*WHAT THIS TASK INVOLVES*:
From the first line to the last, copy the material exactly and leave the pictures out.

*COLLECTED DATA*:
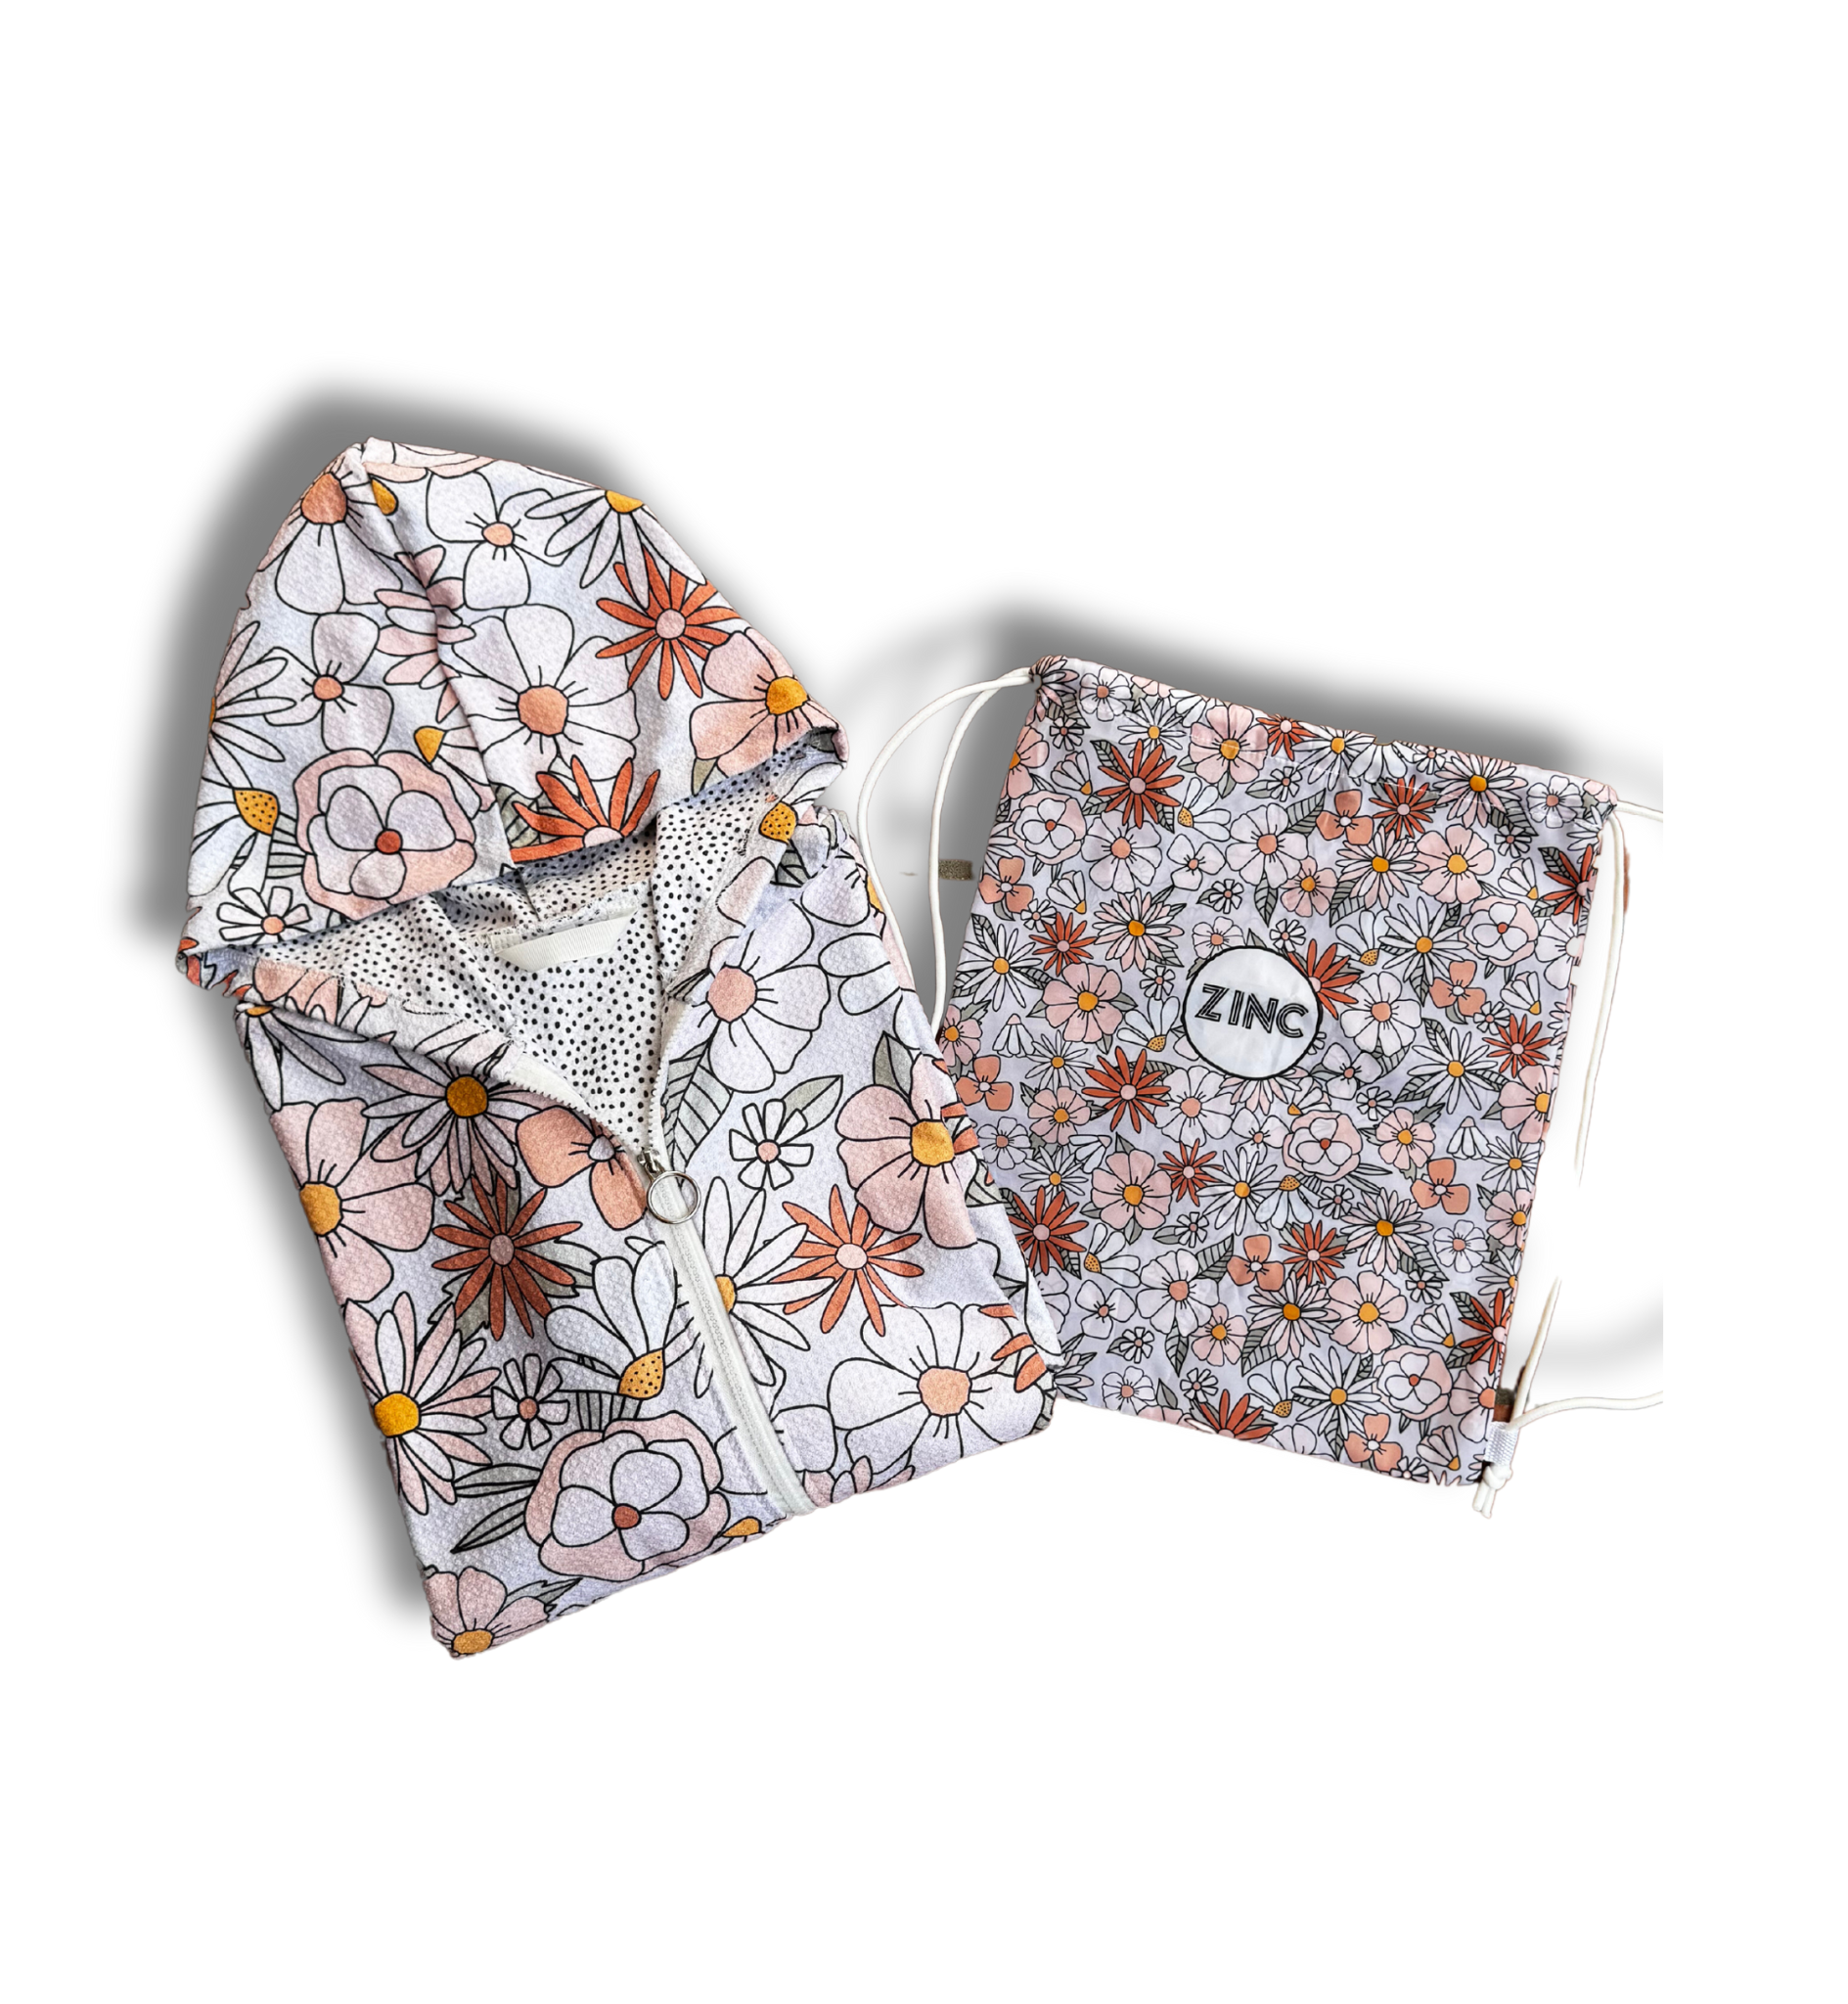 X-Small Zip Up Hooded Towel - Boho Blooms
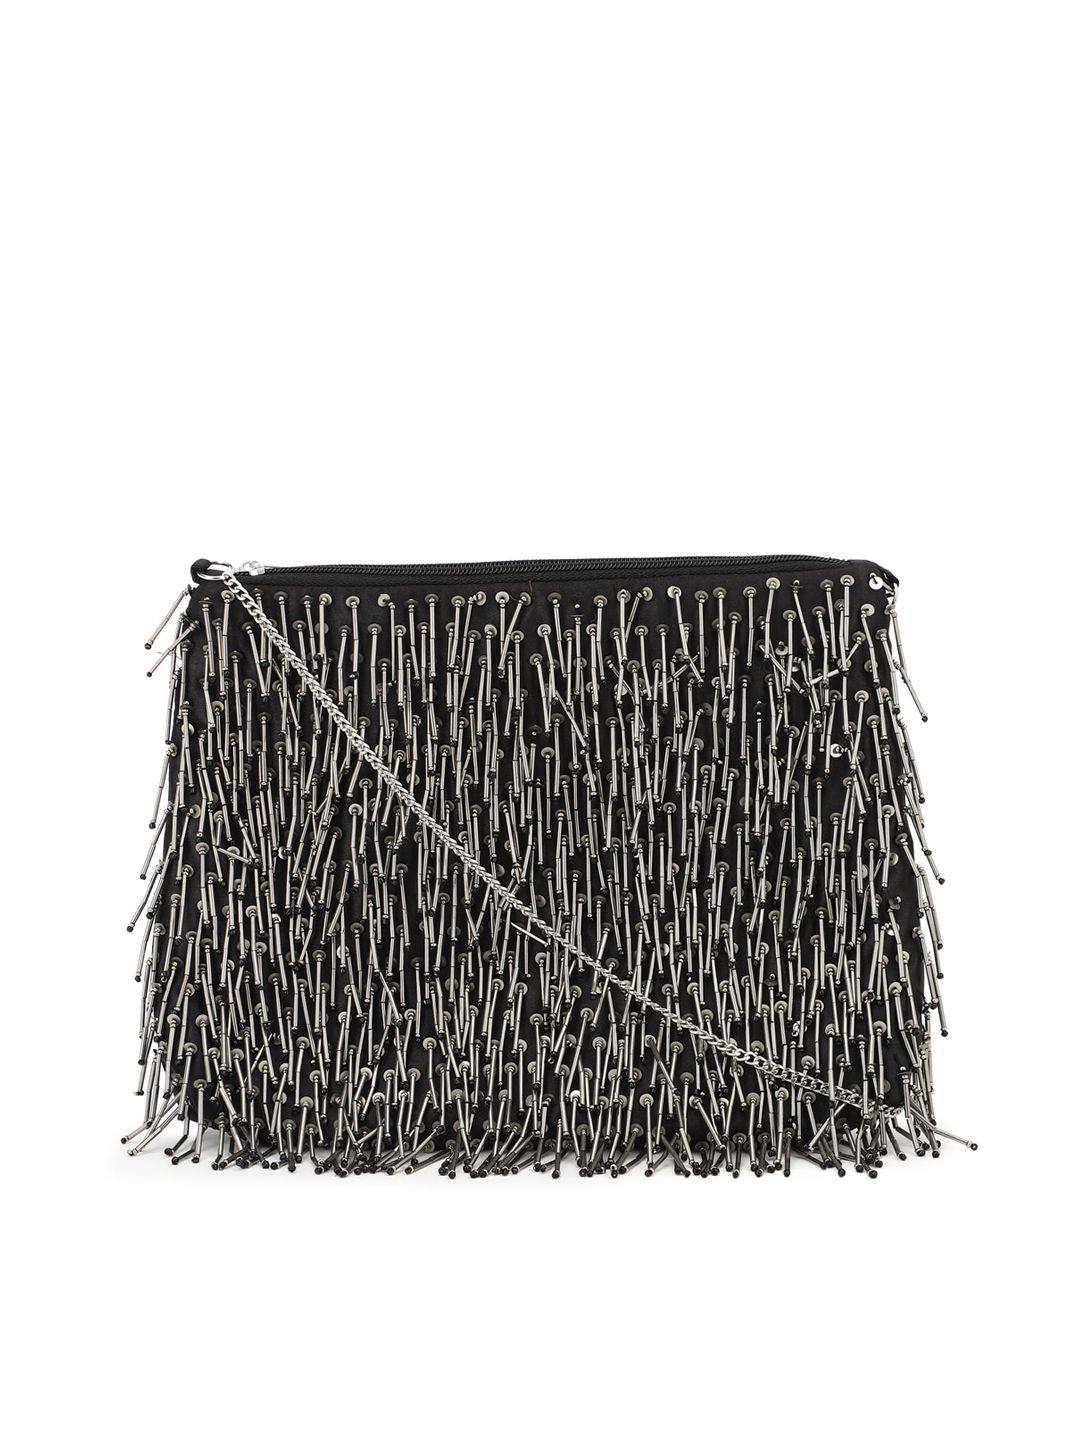 FOREVER 21 Women Grey Embellished Structured Sling Bag with Fringed Price in India
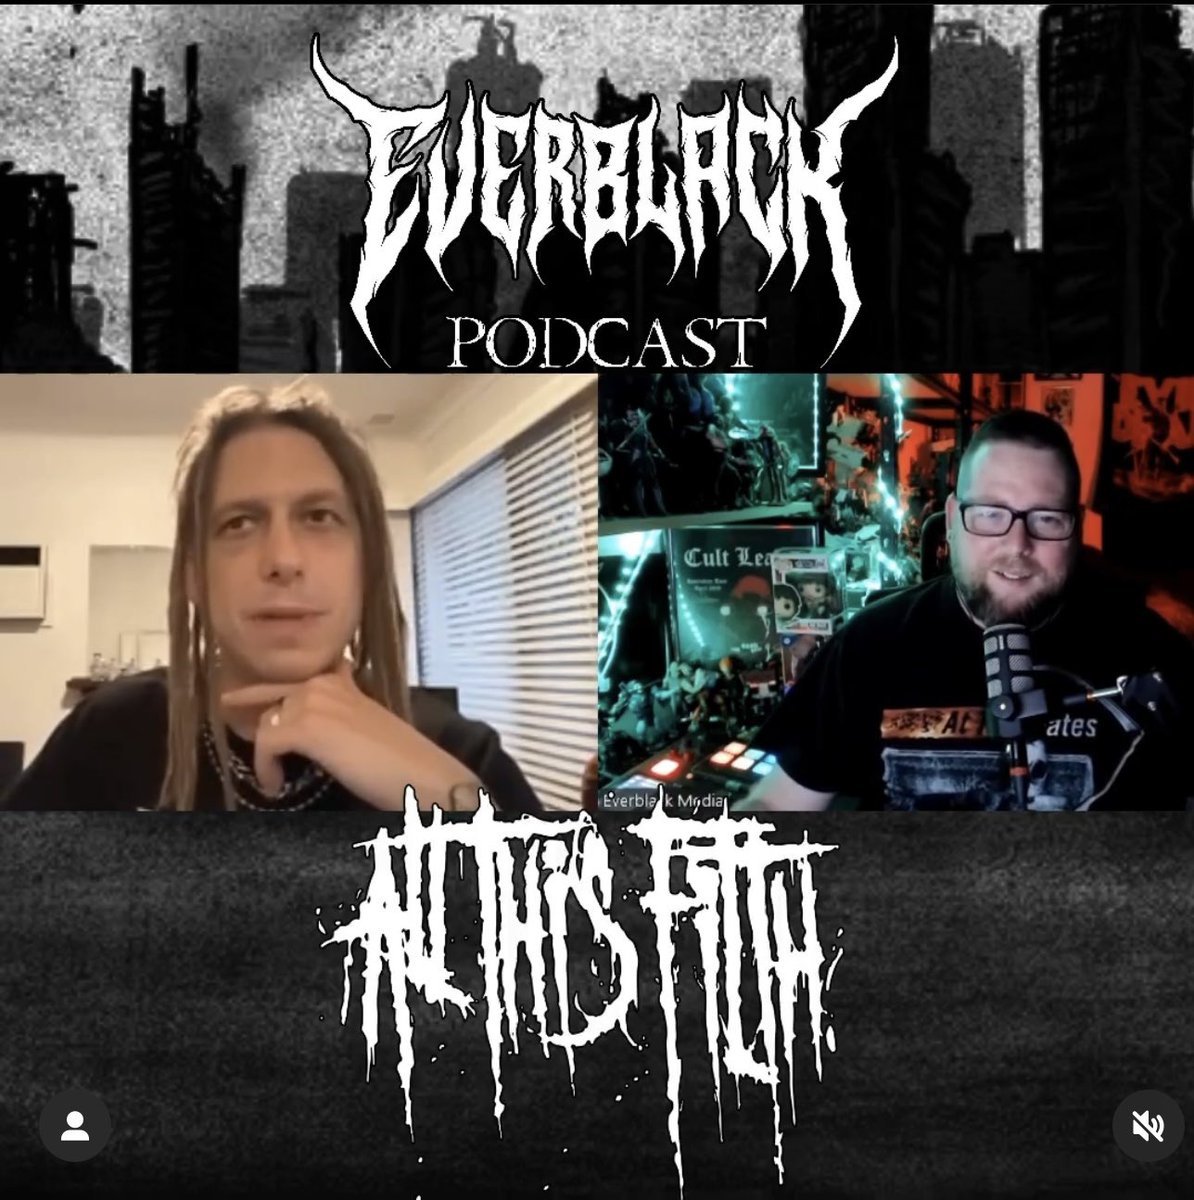 ICYMI, don’t forget to check out Brendan’s chat with Jai from Everblack Podcast. They chatted about the latest album, opening for Machine Head and Fear Factory, love of industrial metal, future plans and more! Watch the full interview on the Everblack Youlube channel

*RESPONSE BELOW*:
 X-Small Zip Up Hooded Towel - Boho Blooms
 FOREVER 21 Women Grey Embellished Structured Sling Bag with Fringed Price in India
 ICYMI, don’t forget to check out Brendan’s chat with Jai from Everblack Podcast. They chatted about the latest album, opening for Machine Head and Fear Factory, love of industrial metal, future plans and more! Watch the full interview on the Everblack Youlube channel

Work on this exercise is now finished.